Making assumptions about your data

Last updated on 2026-03-26 | Edit this page

Estimated time: 50 minutes

Instructor Note

Prep list:

make a Google Doc that people can put their assumptions in; make it editable by all who have the link; zoom in to 150%

Overview

Questions

How can I be sure that what I learned about my data is actually true?

Objectives

Articulate assumptions about a dataset
Prioritize which assumptions are worth verifying
Programmatically verify those assumptions

Intro

When exploring a dataset, you can learn lots of things! But then, as good scientists, doubt starts to creep in.

How do you know what you learned is true?
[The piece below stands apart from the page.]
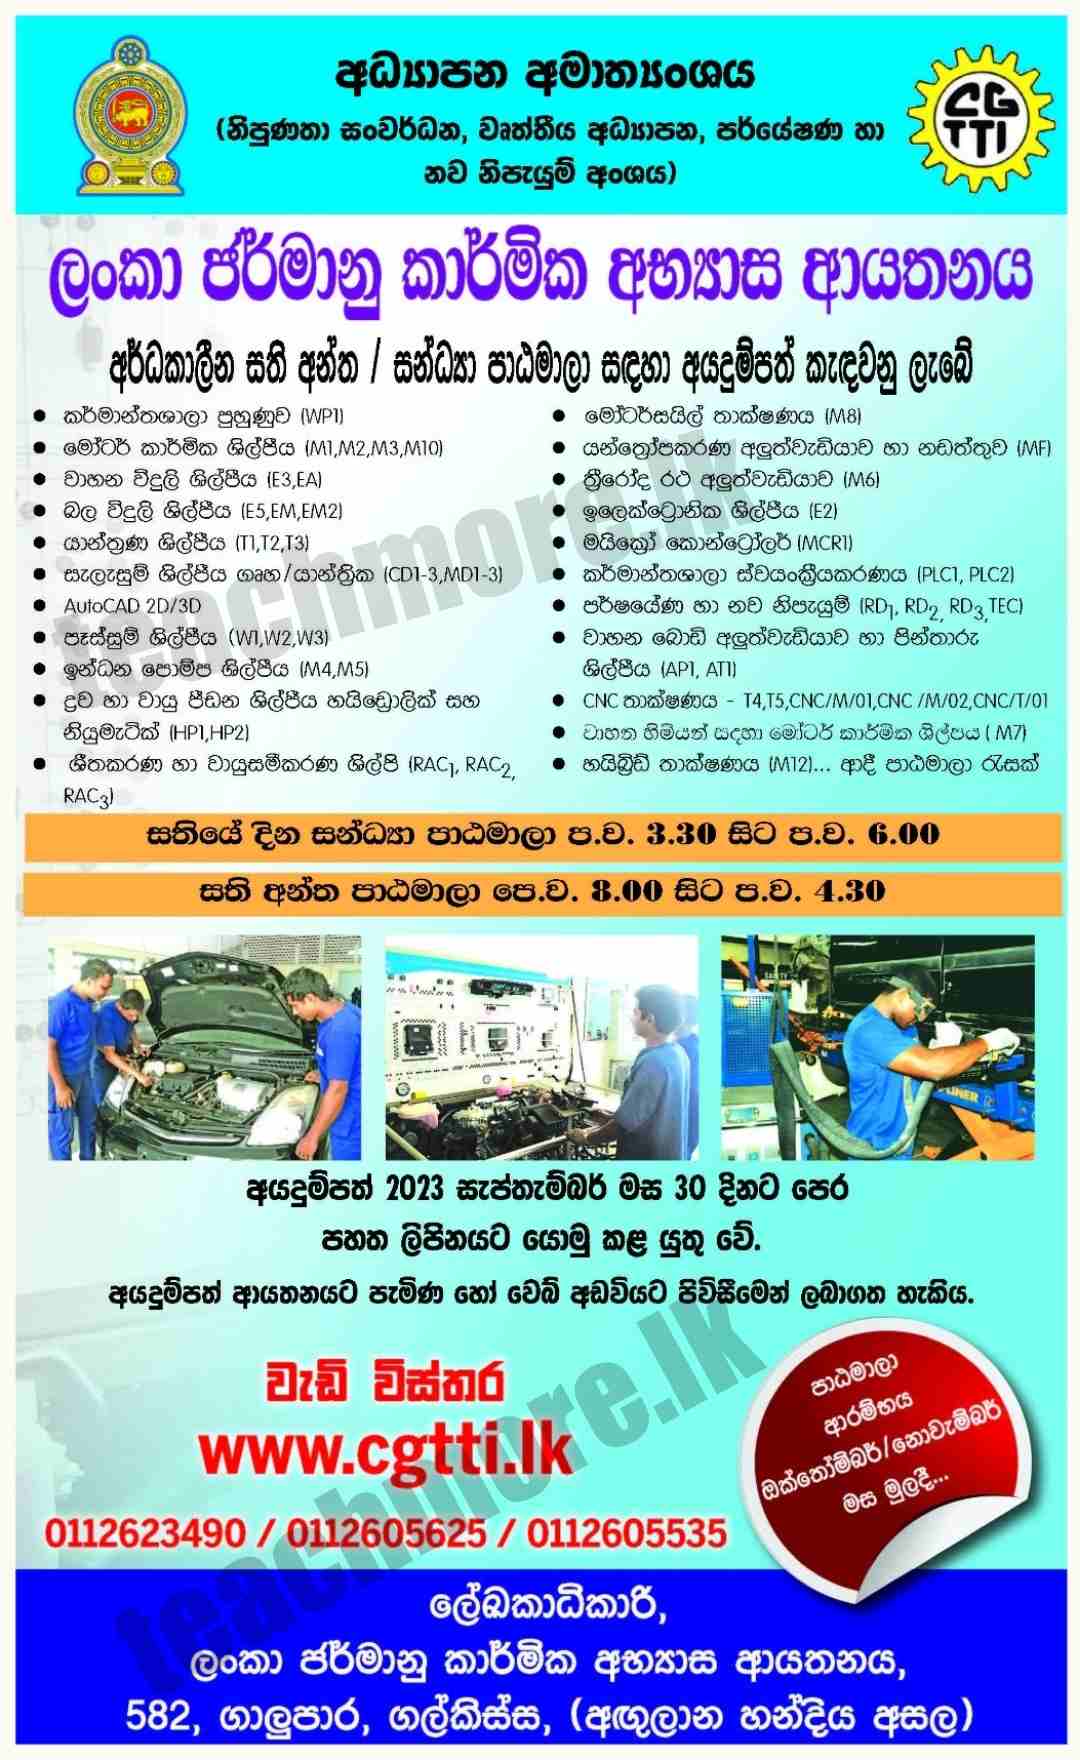 Application to Part-time Training Courses 2023 : Ceylon - German Technical Training Institute 

Or that it will stay true as the data gets updated?

We’ll focus on a few skills that, together, will help you feel a little more confident in your work.

identifying and articulating assumptions about a dataset
a framework for evaluating and prioritizing assumptions
programmatically checking assumptions

While faulty assumptions lurk everywhere, we’ll focus here on assumptions about your data.

For this lesson, we’ll keep using the Puerto Rico electricity data from the previous lesson, located at data/pr_gen_fuel_monthly.parquet.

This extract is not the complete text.